Why I Chose Claude Haiku

Claude Haiku often feels like the lovechild of the Anthropic model family: afraid, ashamed, misunderstood, to quote the timeless Diana Ross. But it shouldn’t be that way.

I’ll admit I misunderstood Haiku, too, but it is also how Anthropic markets the model (“fastest for quick answers”). Hell, it took me quite a while to admit that for 95% of the work I do, I really don’t need Opus. But when selecting the primary model for Hal, I ran into an issue that so many stateful AI tinkerers are: cost.

Most have turned to open-weight models to affordably run their stateful agents. I am not as excited about open weight models as others.

My experience with Chinese models has often left me feeling like I was using a weird Frankenstein Claude version (I wonder why) with occasionally better features, but also random kanji and odd failures.

American open-weight models are getting better, but let’s face it, they’re still fighting issues solved by Big AI in early 2025, so we’re at least six months to a year before those models are truly usable in agentic applications.

Add to this the fact that this is for commercial, not just personal use, and it seemed like settling on a commercial model was the best course of action. But the OpenClaw stories had me worried.

Was I about to sink hundreds a month into something that won’t make that back?

A lot of my design decisions have attempted to keep Hal as an orchestrator of various services, versus allowing the LLM more autonomy on how it does its job.

This saves tokens for the more important use, the business intelligence side. And even there, there is quite a bit of instruction.

A common misconception about Haiku is that it is less capable. While on a true benchmark basis, it is more of an instruction issue. Haiku requires more comprehensive prompting than either Sonnet or Opus to produce reliable outputs.

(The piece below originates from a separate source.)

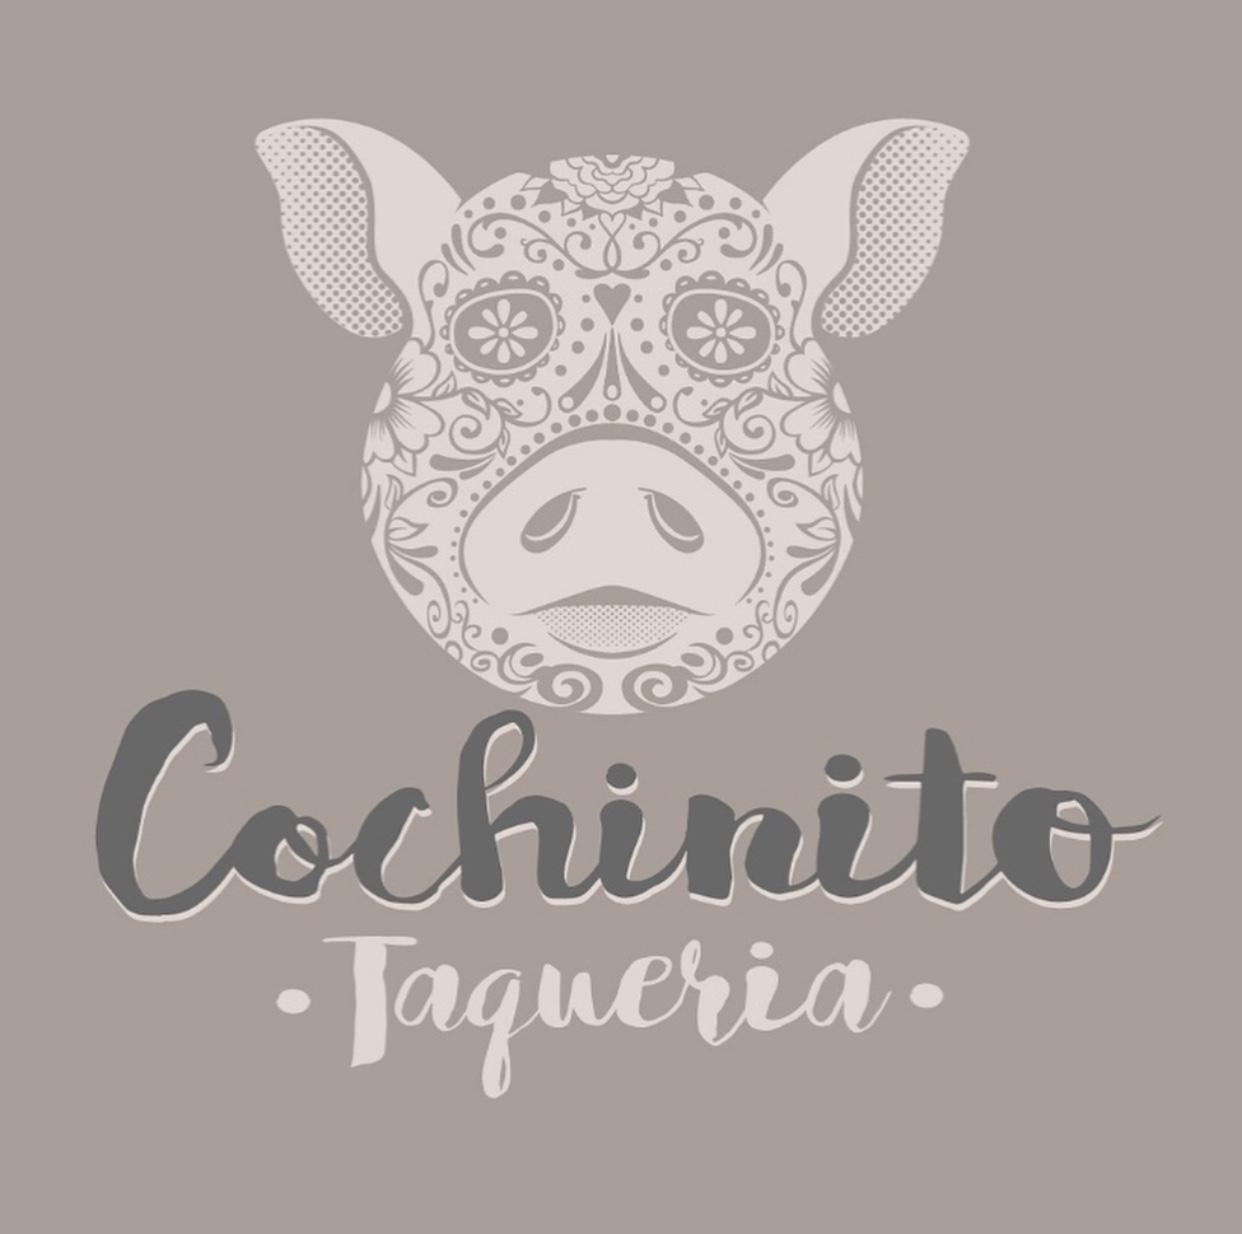 Image courtesy of Cochinito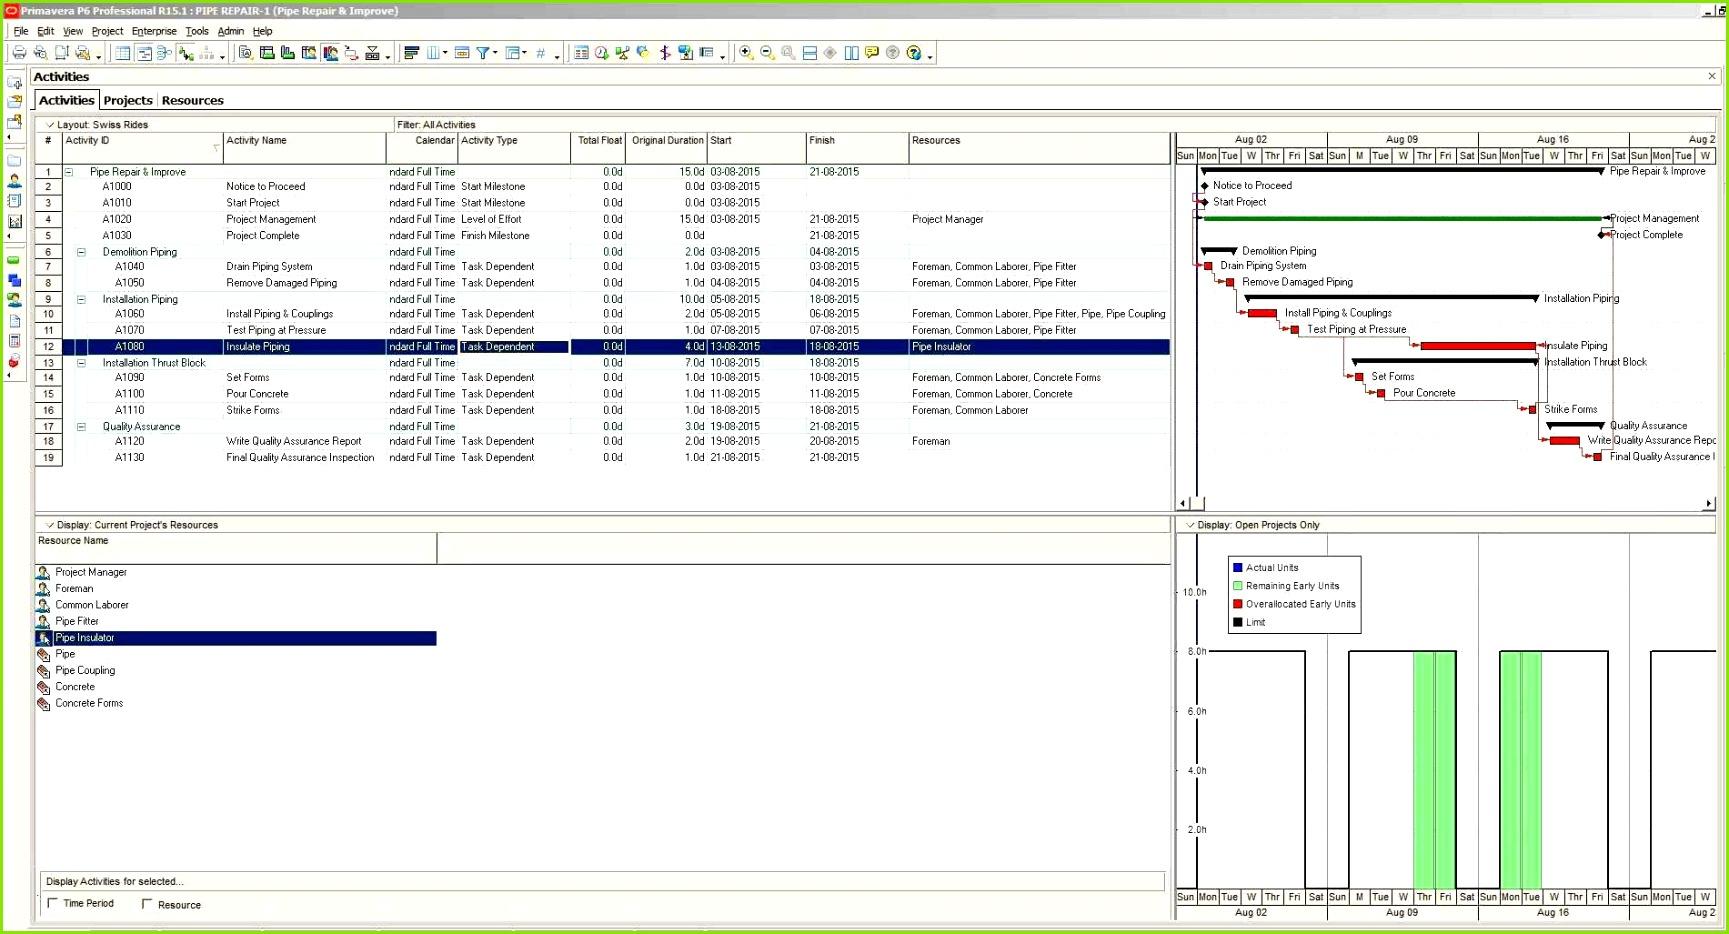 Initiativbewerbung Vorlage Inspirierend Bewerbung software Luxus Lebenslauf Schablone Best Muster Erstellen Initiativbewerbung

I’ve also noticed of any of the three (well, soon to be four) Claude models, Haiku hallucinates the most often. For lack of a better way to put it, a “lack of confidence” in its abilities and an increased need for guidance could have something to do with it.

But Claude was pretty insistent when I argued for Sonnet over Haiku. Claude’s reasoning was this: if you give Haiku enough guidance, it will be able to handle it.

Instead, we’ve developed a system where tasks are scored on complexity and redirected to higher models as necessary. Regular reports should be run through Sonnet at a minimum, and Opus for complex tasks and reports.

Batching is another feature we’re baking into Hal for tasks that don’t require immediate response. As a result, Hal’s able to use higher-end models at a 50% discount because the work sent to these models isn’t intended for immediate consumption.

What I am hoping is that this makes those $200 token bills that OpenClaw is known to cause a virtual impossibility.

The cost of analysis should scale with your business, not put you in the poor house from the start. I will definitely report on my experiences with this setup, as I know so many have turned to open-weight models because of the high cost.